You are viewing a plain text version of this content. The canonical link for it is here.
Posted to commits@cassandra.apache.org by "Sylvain Lebresne (Jira)" <ji...@apache.org> on 2020/08/13 12:52:00 UTC
[jira] [Commented] (CASSANDRA-15432) The "read defragmentation" optimization does not work

    [ https://issues.apache.org/jira/browse/CASSANDRA-15432?page=com.atlassian.jira.plugin.system.issuetabpanels:comment-tabpanel&focusedCommentId=17176982#comment-17176982 ] 
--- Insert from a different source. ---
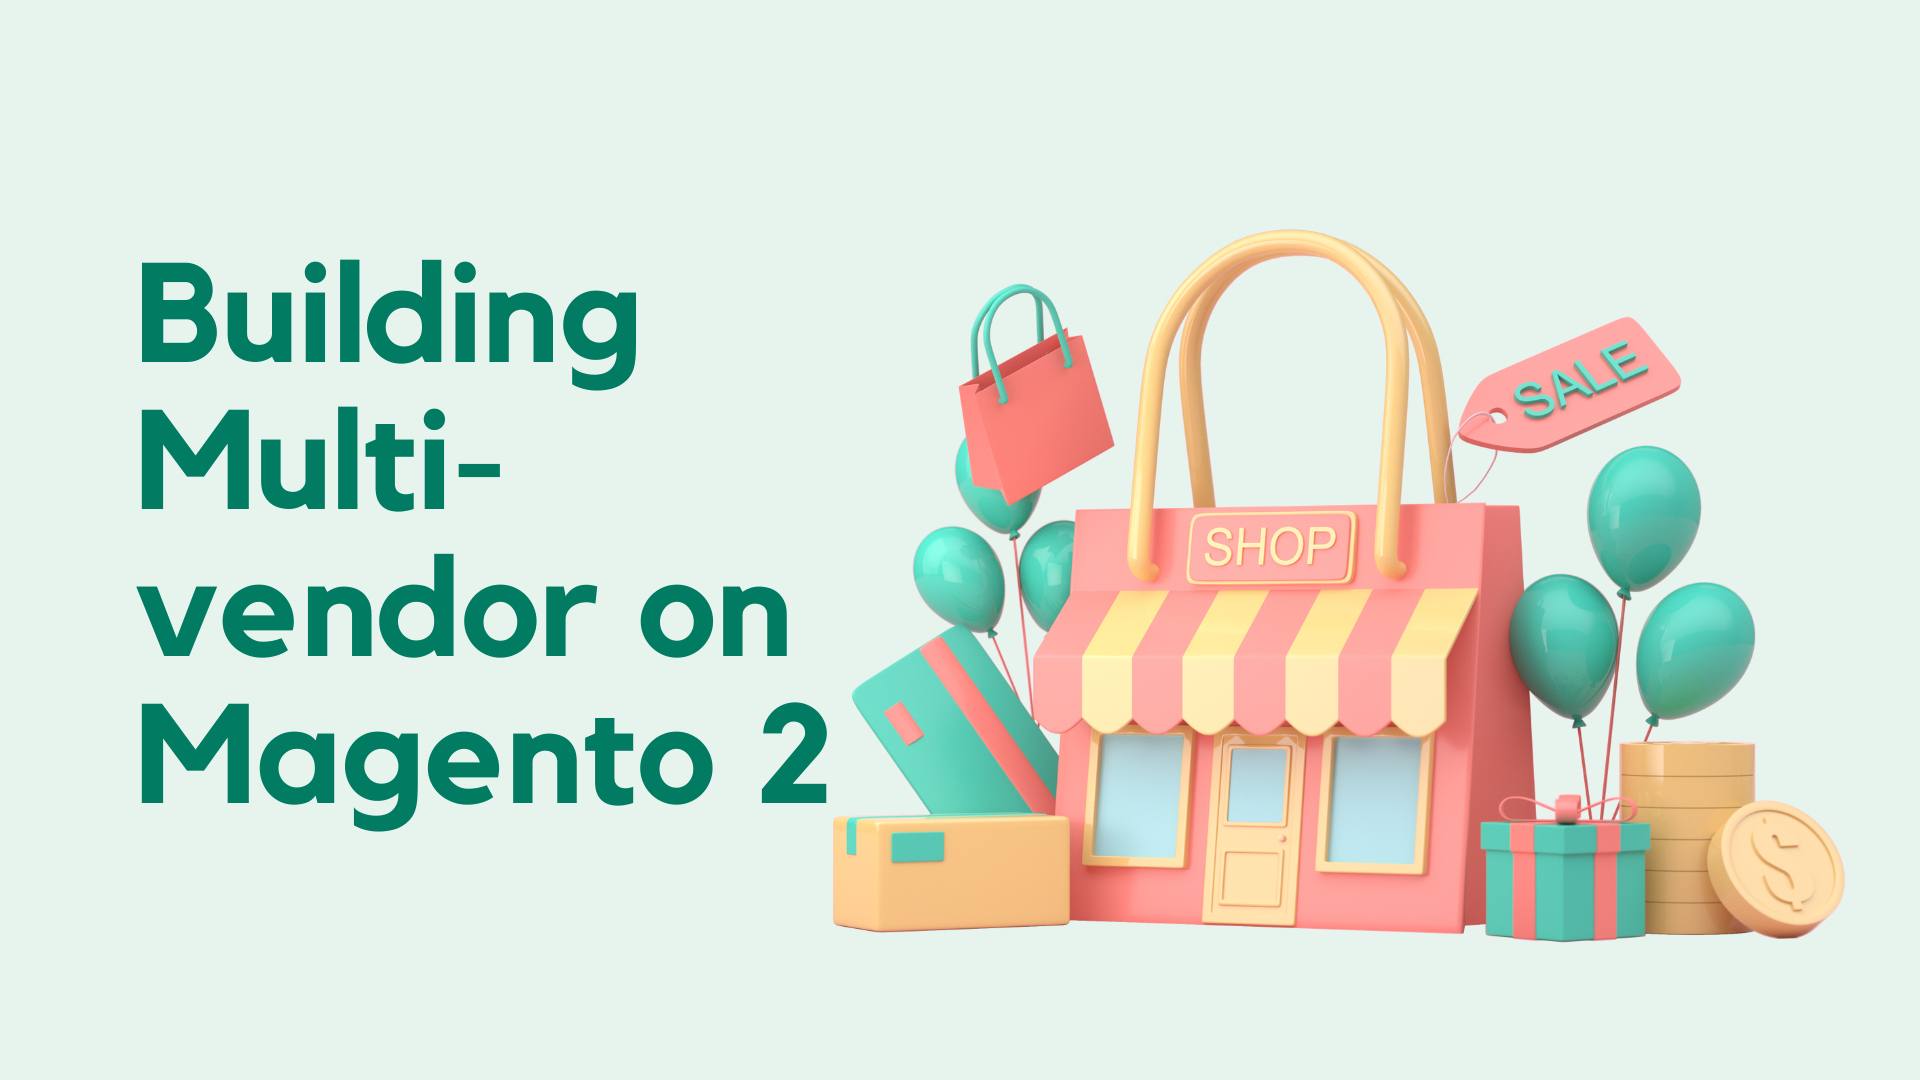 The ultimate guide to building multi vendor marketplace in Magento 2 successfully

Sylvain Lebresne commented on CASSANDRA-15432:
----------------------------------------------

Back on this later than I meant, but attaching fairly trivial patches to remove said optimization on 3.0, 3.11 and trunk/4.0.
||patch||CI||
|[3.0|https://github.com/pcmanus/cassandra/commits/C-15432-3.0]|[#239|https://ci-cassandra.apache.org/job/Cassandra-devbranch/239/]|
|[3.11|https://github.com/pcmanus/cassandra/commits/C-15432-3.11]|[#240|https://ci-cassandra.apache.org/job/Cassandra-devbranch/240/]|
|[trunk|https://github.com/pcmanus/cassandra/commits/C-15432-trunk]|[#241|https://ci-cassandra.apache.org/job/Cassandra-devbranch/241/]|

[~aleksey] or [~benedict]: would one of you have cycles to review by any chance (pretty simple diff, removing the {{if}} triggering the defrag as well as tiny bits of incidental code that is now dead).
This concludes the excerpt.